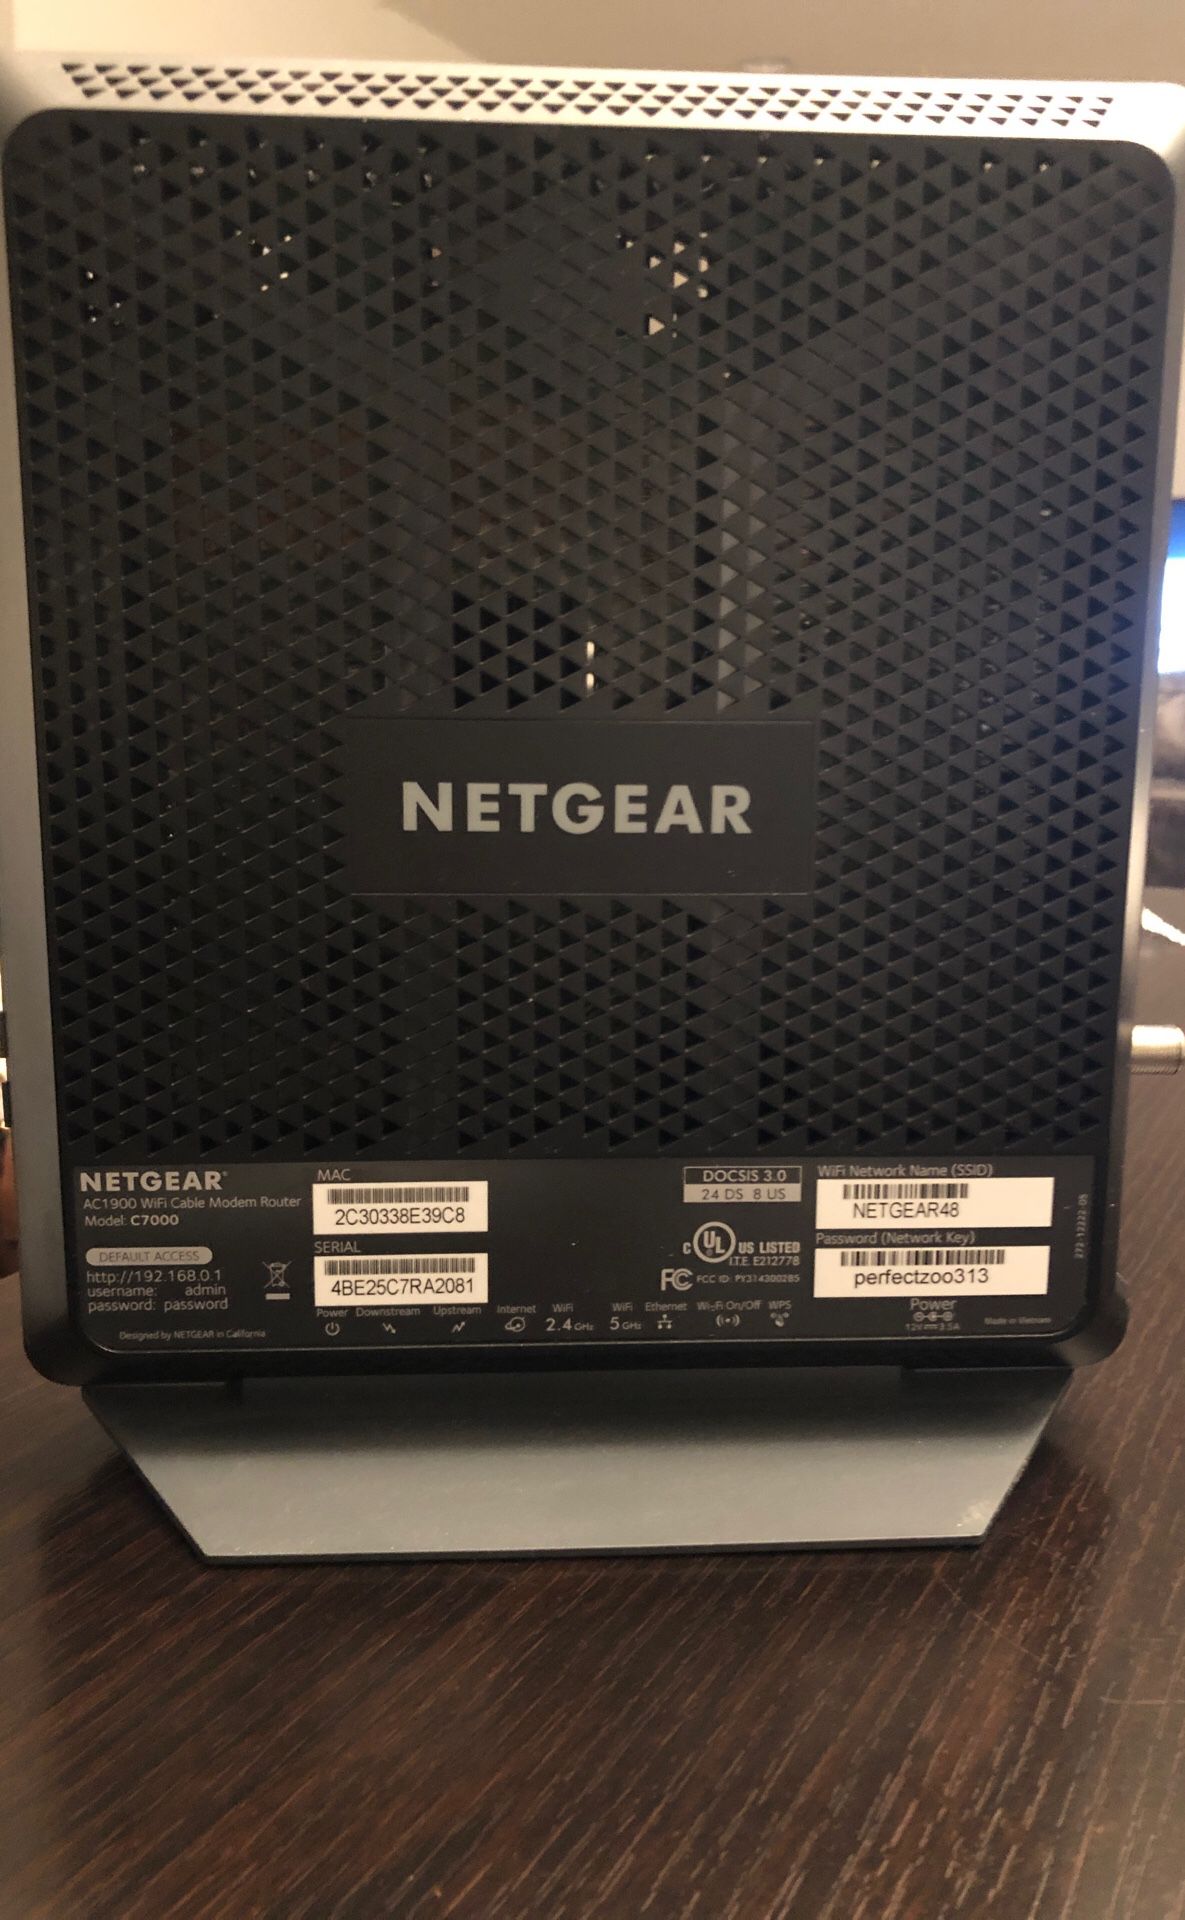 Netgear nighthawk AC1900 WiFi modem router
* * *
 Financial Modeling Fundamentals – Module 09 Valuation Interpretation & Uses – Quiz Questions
...
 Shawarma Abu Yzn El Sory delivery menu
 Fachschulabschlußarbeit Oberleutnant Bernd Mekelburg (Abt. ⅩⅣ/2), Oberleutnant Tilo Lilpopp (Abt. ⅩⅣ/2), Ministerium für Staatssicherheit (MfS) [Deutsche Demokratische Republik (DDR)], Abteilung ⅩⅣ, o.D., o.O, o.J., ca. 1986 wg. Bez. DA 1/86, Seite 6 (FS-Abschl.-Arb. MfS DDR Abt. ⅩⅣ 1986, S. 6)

### TASK PROMPT:
Return the span of lines in the data above that opens at the line with "Shawarma Abu Yzn El Sory delivery menu" and closes at the line with "Fachschulabschlußarbeit Oberleutnant Bernd", exactly, ends included, nothing else.

### RESULT OF THE TASK:
 Shawarma Abu Yzn El Sory delivery menu
 Fachschulabschlußarbeit Oberleutnant Bernd Mekelburg (Abt. ⅩⅣ/2), Oberleutnant Tilo Lilpopp (Abt. ⅩⅣ/2), Ministerium für Staatssicherheit (MfS) [Deutsche Demokratische Republik (DDR)], Abteilung ⅩⅣ, o.D., o.O, o.J., ca. 1986 wg. Bez. DA 1/86, Seite 6 (FS-Abschl.-Arb. MfS DDR Abt. ⅩⅣ 1986, S. 6)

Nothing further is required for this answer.